The September non farm payrolls report has caused quite the uproar and quite frankly, everyone is asking the wrong questions. The report, which showed the U.S. added 114,000 jobs in September and put the unemployment rate at 7.8%, has led a number of observers to conclude that the books were cooked by the White House to increase the chances of the President securing a second term.
Former GE Chairman and CEO Jack Welch was particularly incredulous, noting that he has been doing his own research on the matter all week long and the 14 businesses he examined apparently didn't report a growth rate consistent with what Friday's jobs report would suggest:
"I've been reviewing 14 businesses all week, and...it's impossible that we can be running at a 5% GDP growth rate which is what this (7.8%) number is implying."
While I understand the sentiment, someone should probably remind Mr. Welch that a sample size of 14 isn't even sufficient to ensure that the central limit theorem applies. In other words, one cannot conclude anything from a sample of 14 businesses.
Welch wasn't the only skeptic.
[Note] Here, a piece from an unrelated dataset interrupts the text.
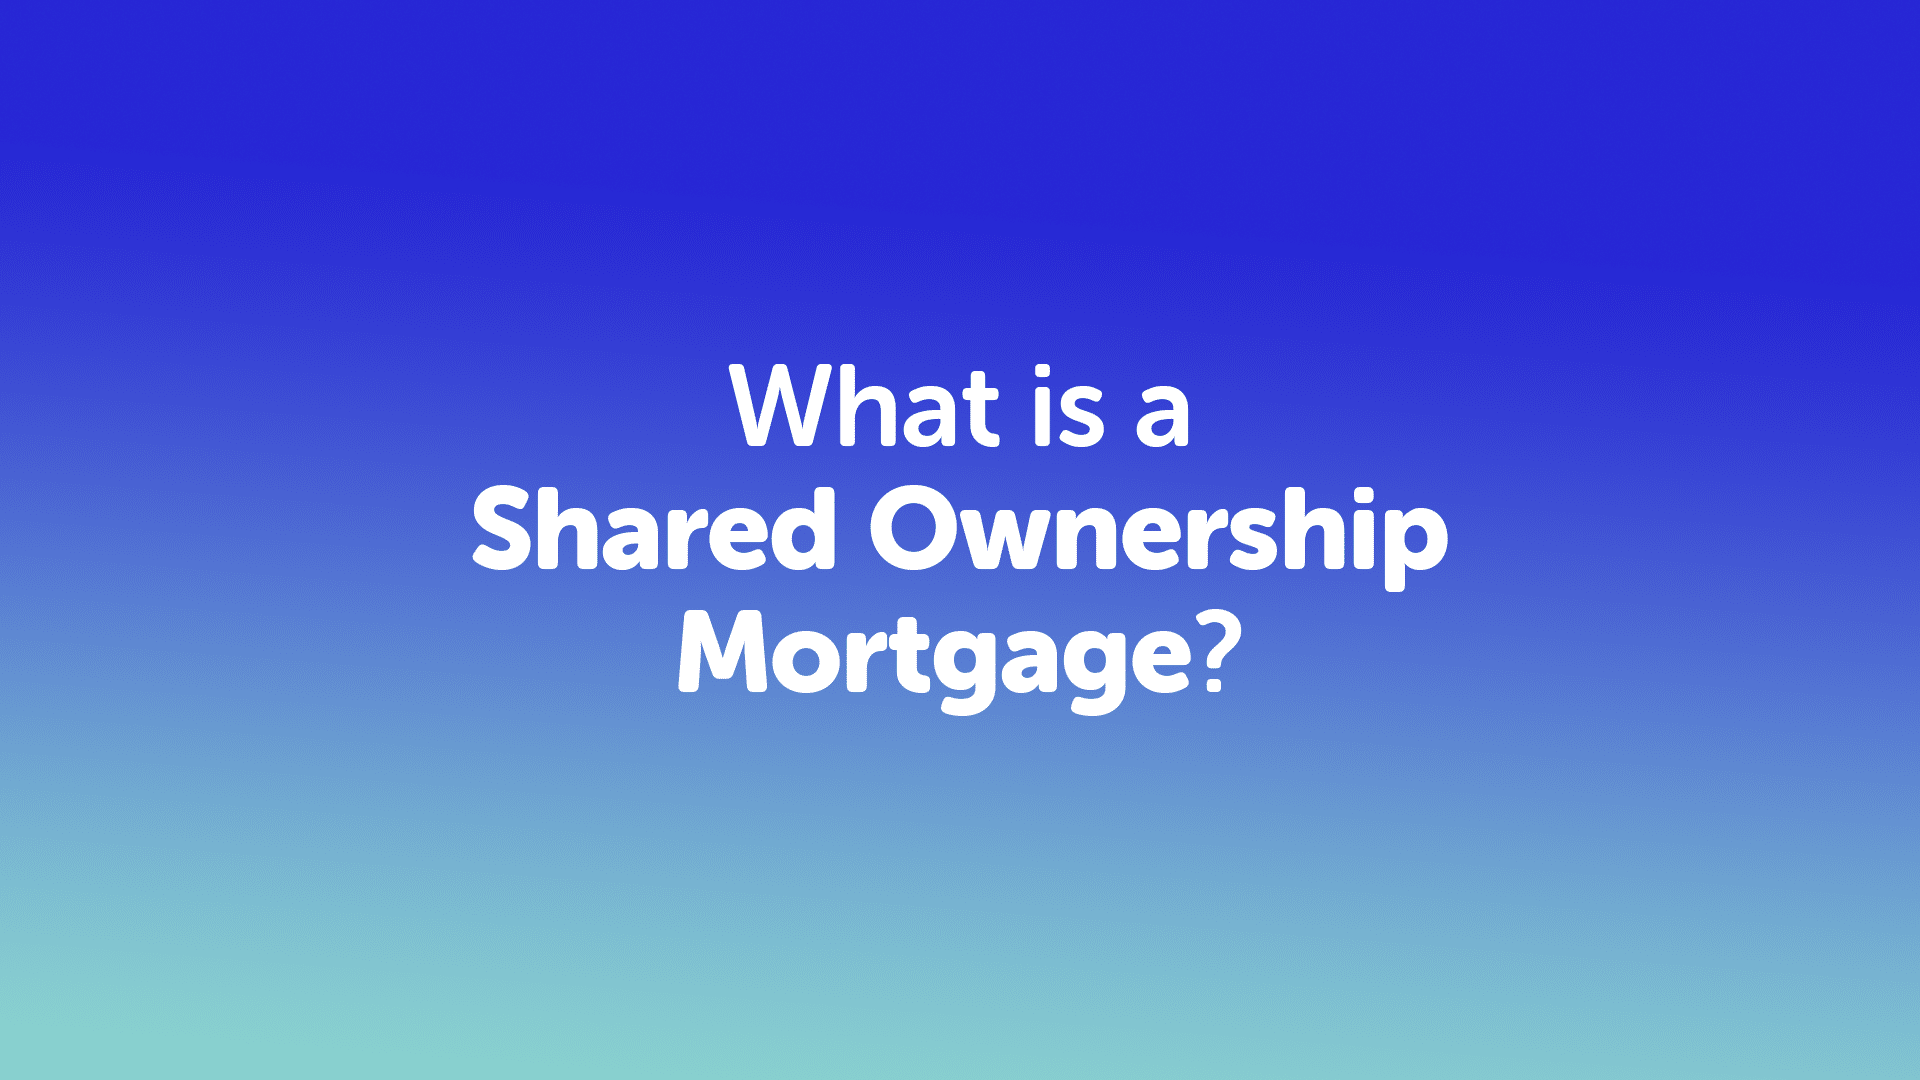 What is a Shared Ownership Mortgage in Manchester?

When the report was released CNBC's Rick Santelli exclaimed (with a sarcastic grin spread across his face):
"I told you they'd get it under 8%, you let America decide how they got there."
Even former presidential candidate John McCain jumped into the fray noting that although he is no economist, he "wouldn't put anything past" the Obama administration.
Surprisingly, it was Larry Kudlow (not exactly someone you might expect to defend a democratic incumbent) representing the voice of reason, noting that
"I've worked in the White House under Reagan and there's no way those numbers can be manipulated."
What is absurd about the whole debate is that one doesn't have to posit some far-reaching conspiracy in order to claim that the economy is still stuck in neutral. In other words, rather than spending time worrying about how the numbers may or may not have been massaged, one might consider actually looking at the numbers first to ensure that they are indeed positive.
Mohamed El-Erian for example had the following to say about the conspiracy theories:
"This is just what happens when you have two different ways of collecting data."
This gets to the heart of the matter. There are two different surveys to consider. One survey polls employers while the other is a phone survey with 50,000 households. The household survey is what yields the unemployment rate. While the establishment survey showed the economy added 114,000 jobs in September, the household survey showed the U.S. added an astounding 873,000 new positions during the month. This was the largest monthly increase in the household survey number in 29 years.
This epic rise in the household survey is what accounted for the decline in the headline unemployment rate and this is where critics should be looking to determine the reason for the increase rather than simply claiming that the number must be fictitious. As I noted in an article published early Friday, a quick look at the data on the Bureau of Labor Statistics web page reveals the reason for the sharp increase in the household survey:
"...'part time jobs for economic reasons' rose by 582,000 in September, the largest monthly increase since the first quarter of 2009 when the U.S. was mired in the financial crisis."
Put simply, 67% of the new jobs reported by households were part time jobs taken because full time employment was not available. As a result of this, the U-6 'underemployment' measure didn't budge from August, remaining at 14.7%. From Goldman:
"One anomaly in the household data is that the U-6 measure of underemployment remained at the 14.7% level reported for August; this is due to a large increase in the number of workers working part time for economic reasons." (emphasis mine)
The takeaway here is that the right way to criticize this jobs number is to point out that the numbers suggest America is becoming a nation of part time workers. Critics might also have mentioned that the report showed manufacturing jobs fell by 16,000 in September providing further evidence of soft demand. This would have made for a far more defensible critique of the data than claiming a vast conspiracy.
At the end of the day however, most serious observers don't think September's jobs report means much in terms of foreshadowing an appreciable increase in the pace of the economic recovery. Specifically, Mohamed El-Erian opined that fundamentals are still very weak and do not justify equity valuations:
"So far, we've had a rally based on chopping off the tails of catastrophe between what the Fed and ECB have been doing...but in order to keep going, we need the handoff to fundamentals...the rally can only continue if the fundamentals take control."
These sentiments were echoed by Goldman's David Kostin:
"...our top-down 2012 S&P 500 EPS estimate has remained unchanged at $100 since the start of the year. Meanwhile, consensus sales and earnings estimates have dropped by 1% and 5%, respectively, since early 2012. Despite that, valuation is notably higher. The forward P/E multiple has expanded by 15% to 13.4x."
This analysis is entirely consistent with what I have been saying for quite some time now: equities have been rising on multiple expansion alone and this is not sustainable.
The takeaway from this is that all conspiracy theories aside, the economy is weak and the jobs market is soft. The unemployment rate fell in September based on a volatile household survey which, when analyzed shows that gains are coming from a dramatic rise in part time employment necessitated by harsh economic realities.
This is the backdrop against which investors have been bidding up stock prices even as EPS estimates fall. Given this, and given the uncertainty surrounding the fiscal cliff, Goldman sees the S&P 500 falling 14% in the next three months:
Source: Goldman Sachs
It is hard to argue with their logic. Recommendation: short U.S. equities.